Paper has been touted as a solution to replacing plastic, but this is also problematic. Global forests play a unique role, supporting a stunning array of biodiversity, removing and storing carbon, providing sustenance and livelihood to indigenous peoples. The pulp and paper industry is responsible for substantial impacts to the environment, including climate change.
Paper has lower CO2 emissions per tonne but more material is required to achieve the stiffness than a plastic equivalent. In an event industry context, paper cups are lined with plastic or PLA to ensure that they do not leak or degrade whilst being used, meaning that they are a mixed material, which is not recyclable or compostable.
Theoretically, PLA plastic is a renewable bioplastic because it’s sourced from the lactic acids of renewable plants. However, these plants are only the starting point for making PLA plastic; many additive chemicals and intense processes are also used.

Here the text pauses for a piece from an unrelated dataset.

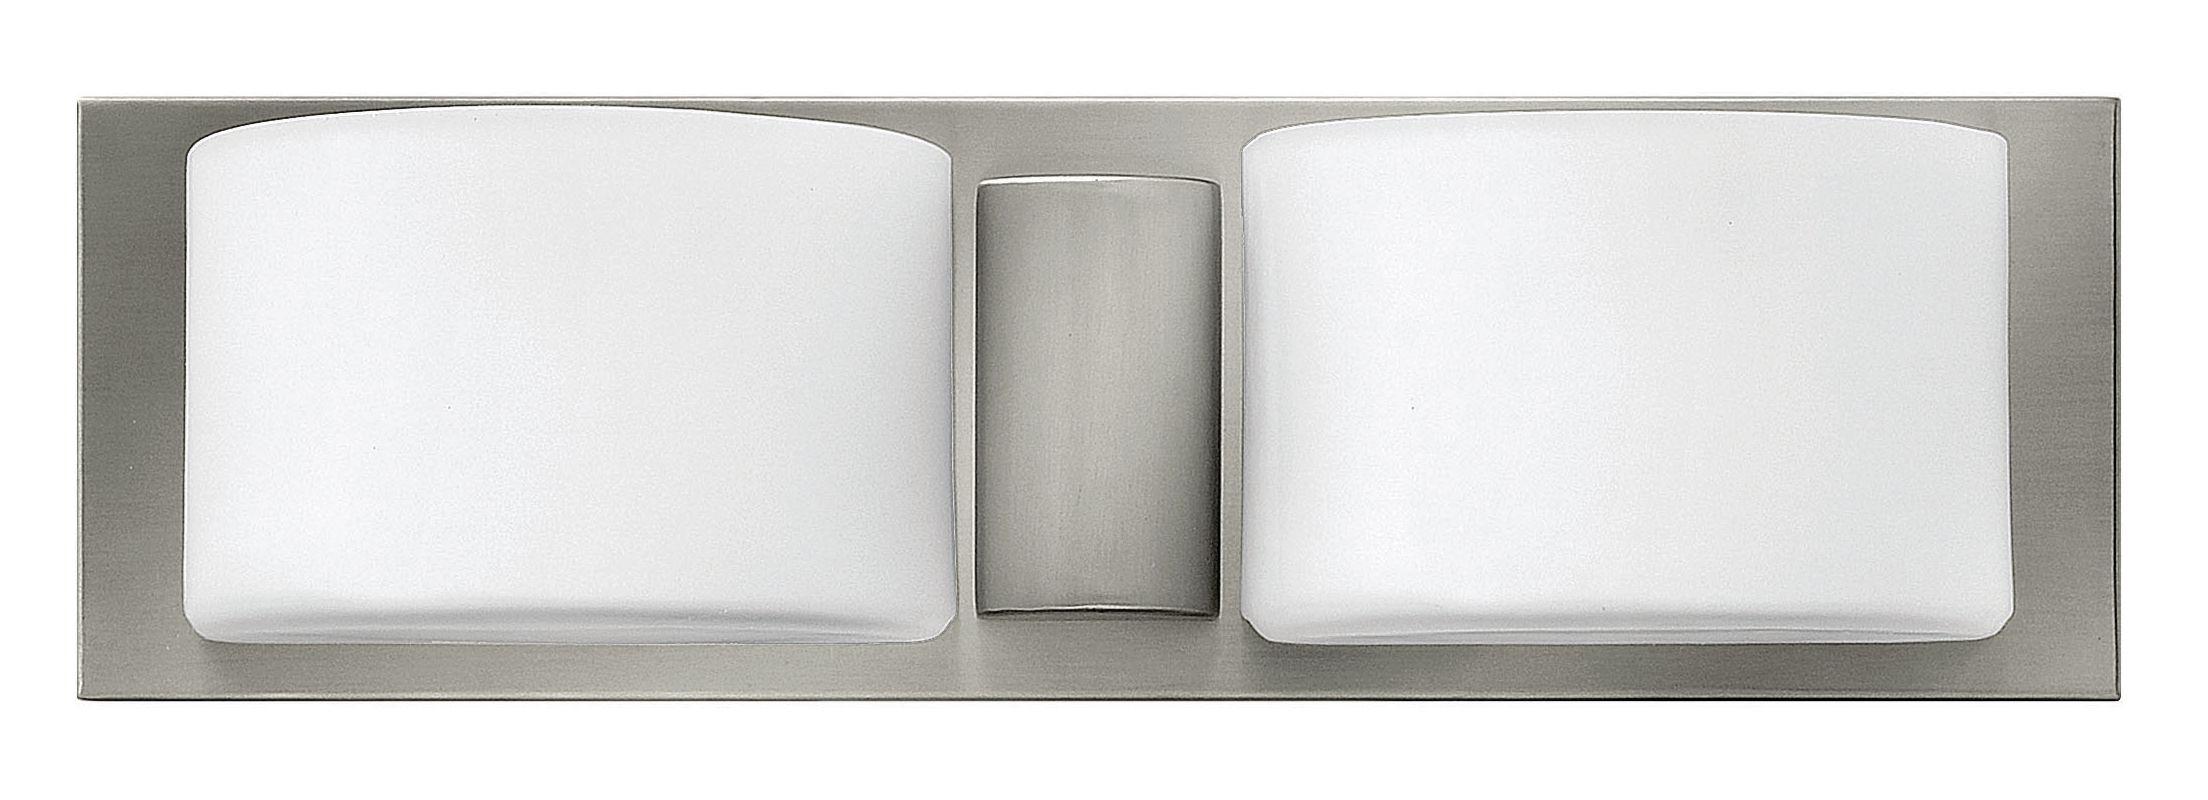 Hinkley Lighting 55482-LED 2 Light LED Bathroom Vanity Light from the Sale $339.00 ITEM: bci2635540 ID#:55482BN-LED UPC: 640665554892 :

As such, while the PLA in a PLA product might be considered biodegradable, additives, such as impact modifiers, may be less or not biodegradable.
On top of this, there are many artificial and unnatural processes that go into making a PLA product, including fermentation, polymerization or condensation, and the use of chemical assistants. These processes may chemically affect the biodegradability of certain components, again hurting the environmental friendliness of the PLA product.
In the end, although PLA may seem like it should be biodegradable because it’s made from plants, you have to consider the biodegradability of the other production materials and processes.
What else are we doing about it?
Throughout the year our Events Team travels up and down the country serving delicious drinks at a wide variety of events; from cricket matches to car shows, weddings to work parties, we are dedicated to delivering a great experience without costing the earth.
Another reason we do not use PLA is because it looks and feels like plastic. This leads to it being indistinguishable from PET and other plastics, both at events, where it can confuse event goers from using the correct bins and waste separation efforts on-site, and in waste processing facilities. Composting facilities cannot differentiate between bioplastics and conventional plastics. The Waste and Resources Action Programme (WRAP) states in its most recent guidance that compostable plastics should be avoided where there is potential for them to contaminate conventional plastics recycling. Many events still use some plastic.
To help close the loop and increase the sustainability of our cups, we have partnered with Green Goblet who collect our glasses, wash them and return them to us at the next event. Their Ecocups are made of strong, durable material and designed to last multiple uses and washes. Most cups can take up to 100 washes in an industrial machine.
Very rarely we work at an event where we cannot use reusable cups, in this situation we have made the decision to use PET. Recycling bins are widely available at these events, and customers are familiar with traditional recycling methods. We have deemed this a better solution until a day comes where naturally biodegradable, or mainstream recycling compatible bioplastics become available. Once they have, we’ll be first in line!
The Future: Where Do We Go From Here?
At Jim & Tonic we are working hard to provide sustainable solutions for our customers. We provide PLA-free coffee cups, so that you don’t have to worry about where and when you can dispose of them. We will also be providing customers with discounts if they bring in their own mugs or reusable cups. We’re even investigating the possibility of using seaweed based packaging
Transparency is important to us. And whilst the perfect solution may not yet exist, we want you to know that we are committed to reducing our impact on the environment, and providing our customers with high quality, sustainable solutions that don’t cost the earth.